● Exercise brief
A word-for-word reproduction of the data below is needed, with no pictures in it.

(Information supplied begins)

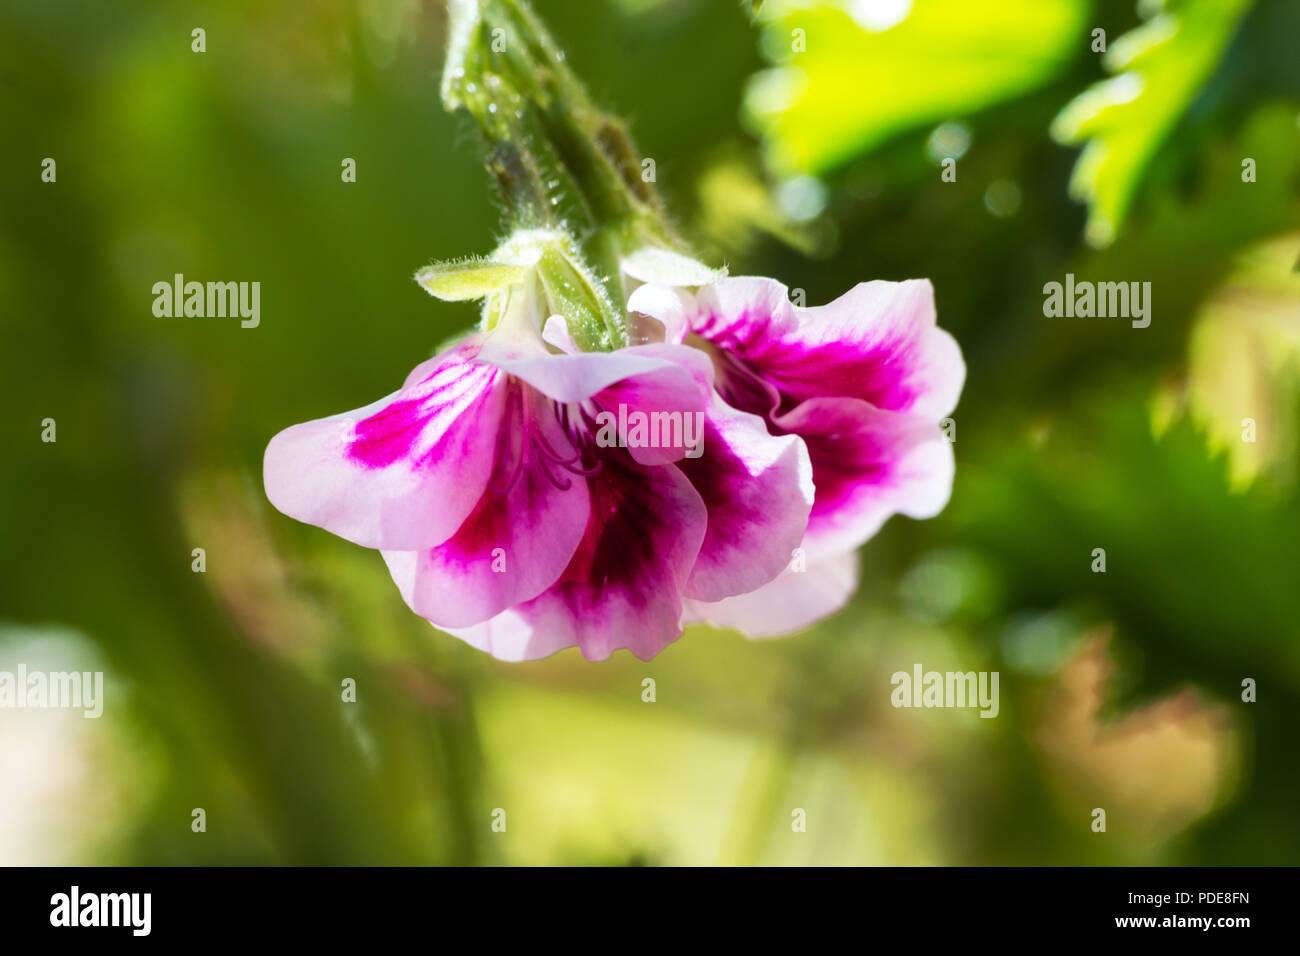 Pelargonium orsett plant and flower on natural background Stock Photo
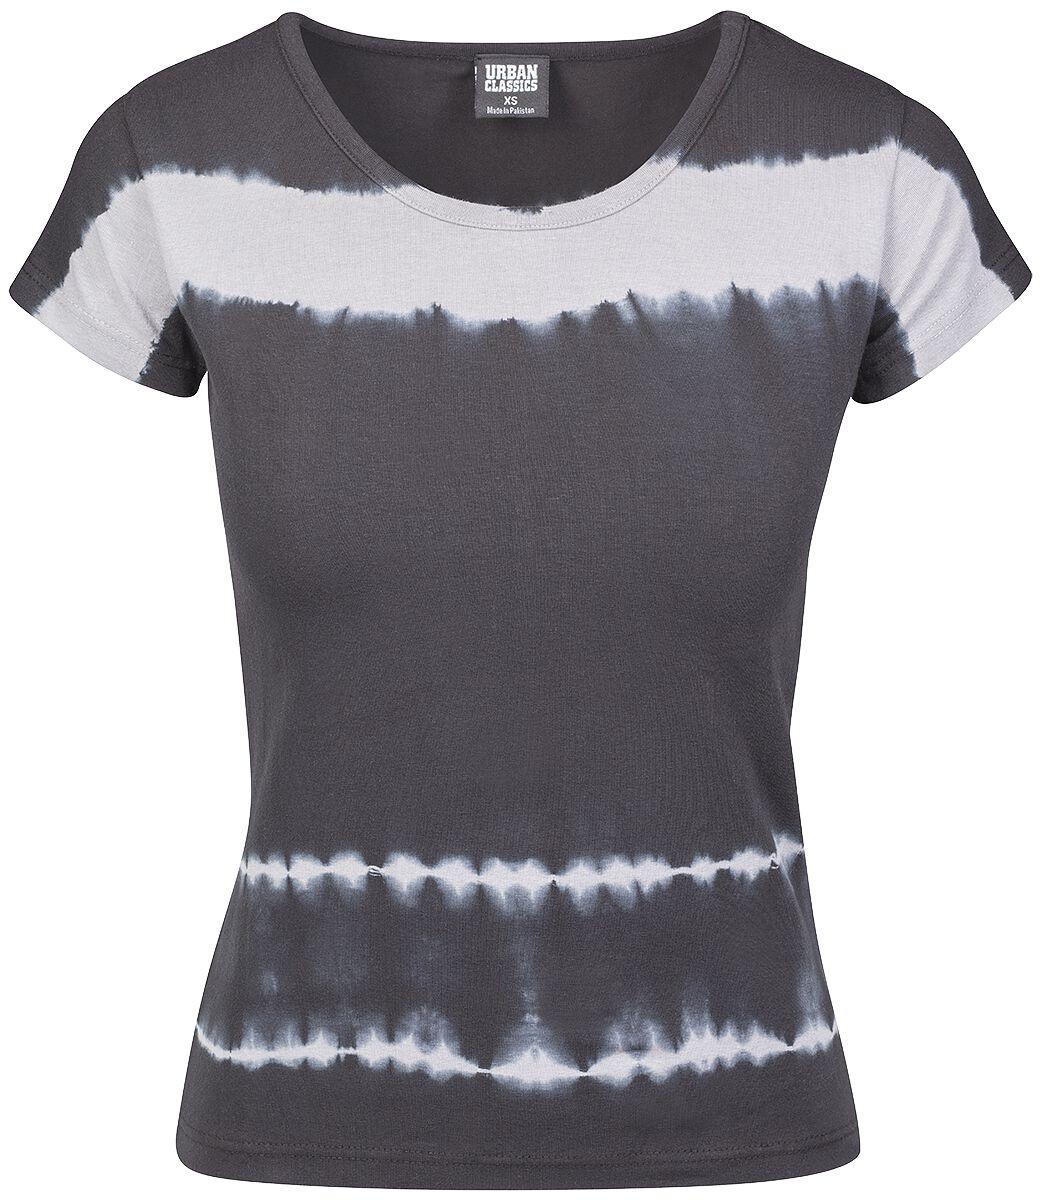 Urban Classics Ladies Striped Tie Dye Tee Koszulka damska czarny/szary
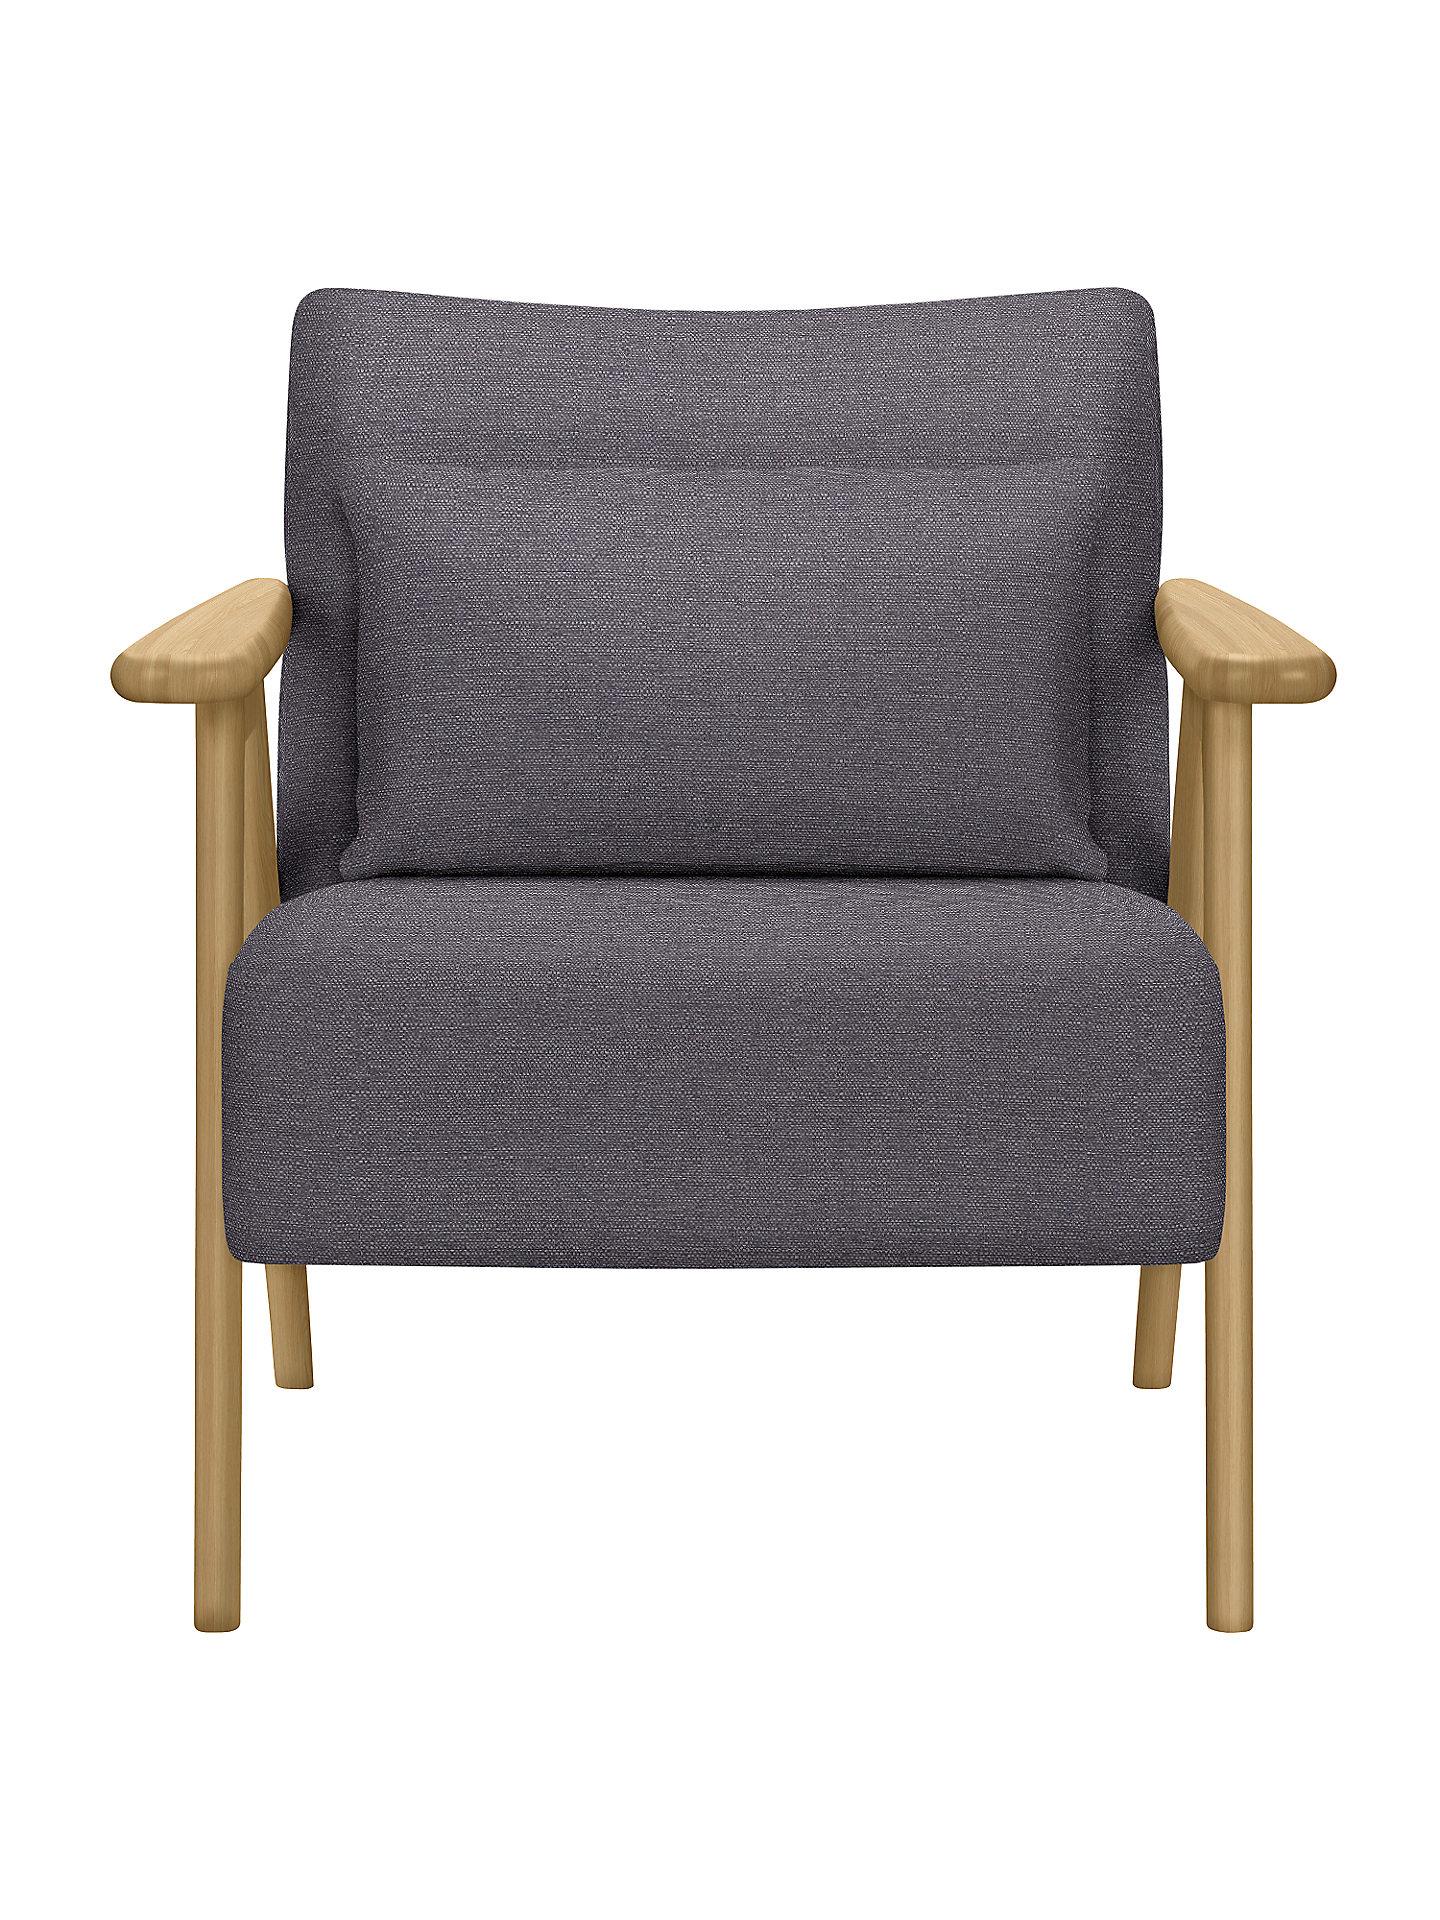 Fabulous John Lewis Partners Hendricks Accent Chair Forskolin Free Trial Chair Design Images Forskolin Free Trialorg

(Information supplied ends)

● Solution below
 Pelargonium orsett plant and flower on natural background Stock Photo
 Urban Classics Ladies Striped Tie Dye Tee Koszulka damska czarny/szary
 Fabulous John Lewis Partners Hendricks Accent Chair Forskolin Free Trial Chair Design Images Forskolin Free Trialorg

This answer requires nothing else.